The branch “function” comprises 3 subcategories: “membrane component” (associated with lipids that are primarily regarded as a structural component of lipid bilayers), “lipid-mediated signaling” (lipids that have been implicated in signaling), and “lipid-storage” (lipids that are associated with storage, primarily in lipid droplets). In the category “cellular component", lipid classes that are enriched in particular cellular organelles are linked to their corresponding organelle terms [7, 20, 21]. The branch “physical or chemical properties” comprises a number of subcategories. First, a number of chemical descriptions (“contains fatty acid", “fatty acid unsaturation", “fatty acid length", and “type by bond”) was inferred from the species names. Second, data about “intrinsic curvature” [7, 27] were categorized into either negative, neutral, or positive curvature. Because data on the species level are limited, curvature was assumed to be predominantly headgroup-dependent and fatty acid composition was neglected. The third subcategory, “charge headgroup", was divided into 3 groups based on structural data: “negative", "positive/zwitter-ion", and “neutral” [26]. This last term also comprises lipids lacking a headgroup. The fourth subcategory in “physical or chemical properties” is “chain-melting transition temperature". This property is derived from a number of sources, comprehensively reviewed by Marsh [11]. This dataset covers a range of lipid classes in both glycerophospholipids (phosphatidylcholine [PC], phosphatidylethanolamine [PE], phosphatidylglycerol [PG], phosphatidic acid [PA], phosphatidylserine [PS]) and sphingolipids. We made use of multiple linear regression analysis with lipid class, fatty acid length, and unsaturation as predictors to facilitate data extrapolation to previously unreported lipid species. The obtained model (coefficients are available via Data S8) was validated by LOOCV. Briefly, 1 data point from the dataset was taken out, after which the model was rebuilt with the remaining points as training set. Subsequently, the selected data point was used as validation sample. This procedure was repeated for all the data points (Fig. S2C).

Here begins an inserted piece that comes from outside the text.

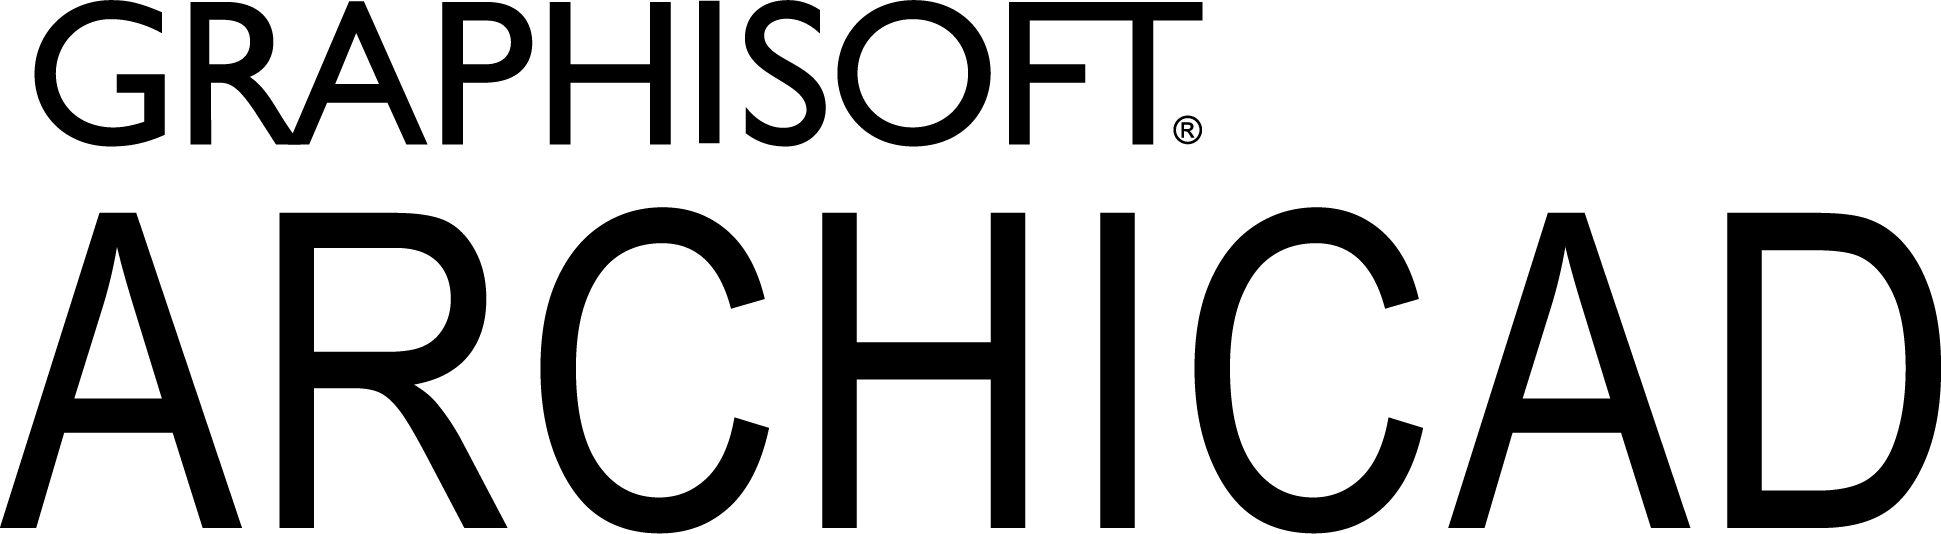 ArchiCAD GS logo (1)
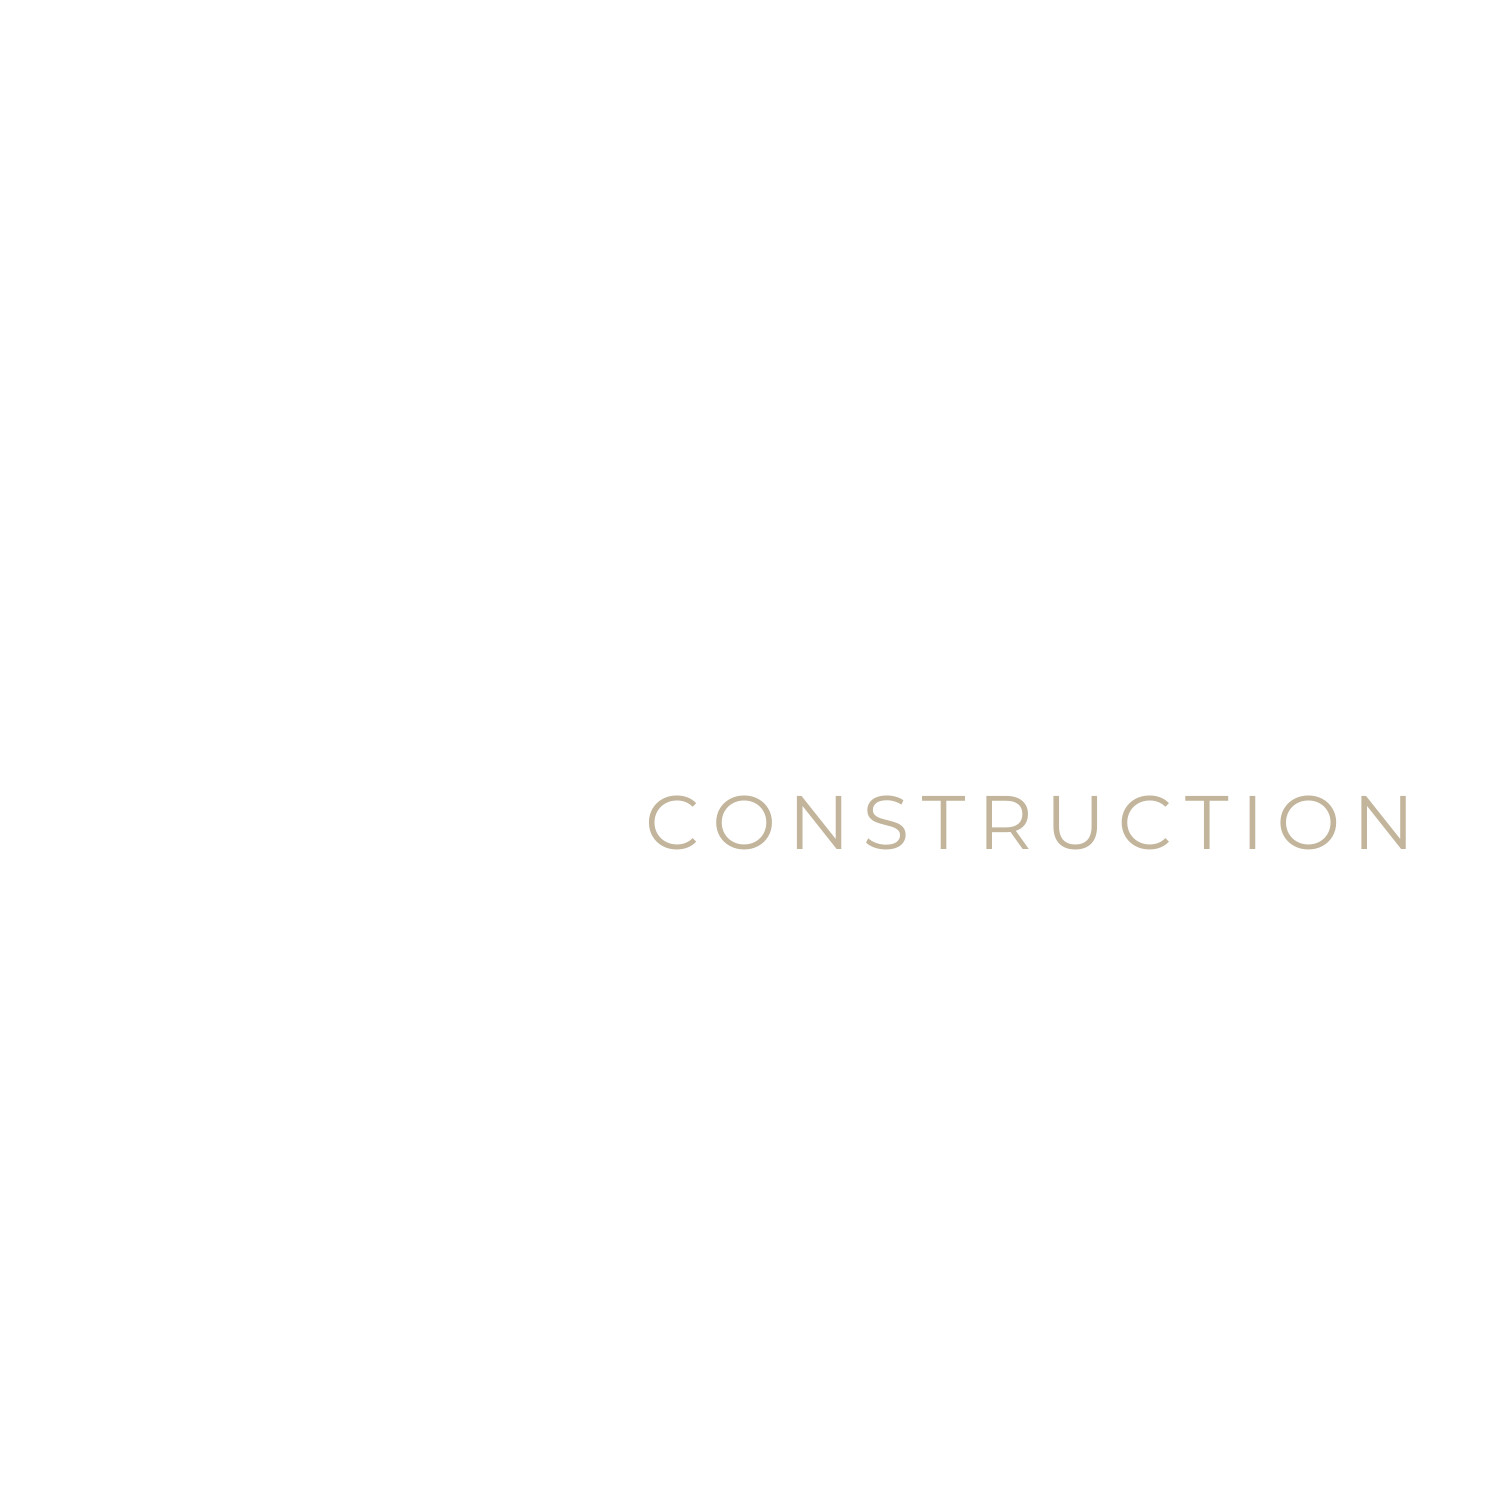 GADA Construction

Ontologies contain categorical data and are not compatible with numeric values. Therefore, we classified chain-melting transition temperature values into 5 distinct categorical data groups: “very low", “low", “average", “high", or “very high". To define the limits of these intrinsic subjective groups, we used 4 previously reported datasets to serve as reference lipidomes [13–16]. From all reported lipids, the transition temperature was predicted by the model. The obtained transition temperature distribution was used to define the groups: the lowest 20% (first quintile) was classified as “very low", the second 20% (second quintile) as “low", etc. Subsequently, these limits were used to categorize all lipid species present in LION. Lipids with transition temperature values lower than the lowest limit were defined as “very low", whereas values higher than the highest limit were defined as “very high". A flow chart of this procedure is depicted in Fig. S2E.
In addition to these experimental data sets, we also used data [12] that were obtained by coarse-grain molecular dynamics simulation (Martini force field [28]) and which include the membrane properties “bilayer thickness” and “lateral diffusion". The dataset contains lipids from 5 common classes of glycerophospholipids (PC, PS, PG, PA, PE) but lacks sphingolipids and sterols. By definition, coarse-grained lipids represent a range of structures. So that the dataset could be used in the ontology system, names of coarse-grained lipids were translated into their representing counterparts. Subsequently, lipid properties were extrapolated to the entire database by multiple linear regression analysis models (with lipid class, fatty acid length, and unsaturation as predictors; coefficients are available via Data S8) and validated by LOOCV (Fig. S2A and B). We followed the same procedure as used for transition temperatures; extrapolated results for both properties were categorized into representative classes: “very low", “low", “average", “high", or “very high", based on values, predicted by our models, of the reference datasets [13–16].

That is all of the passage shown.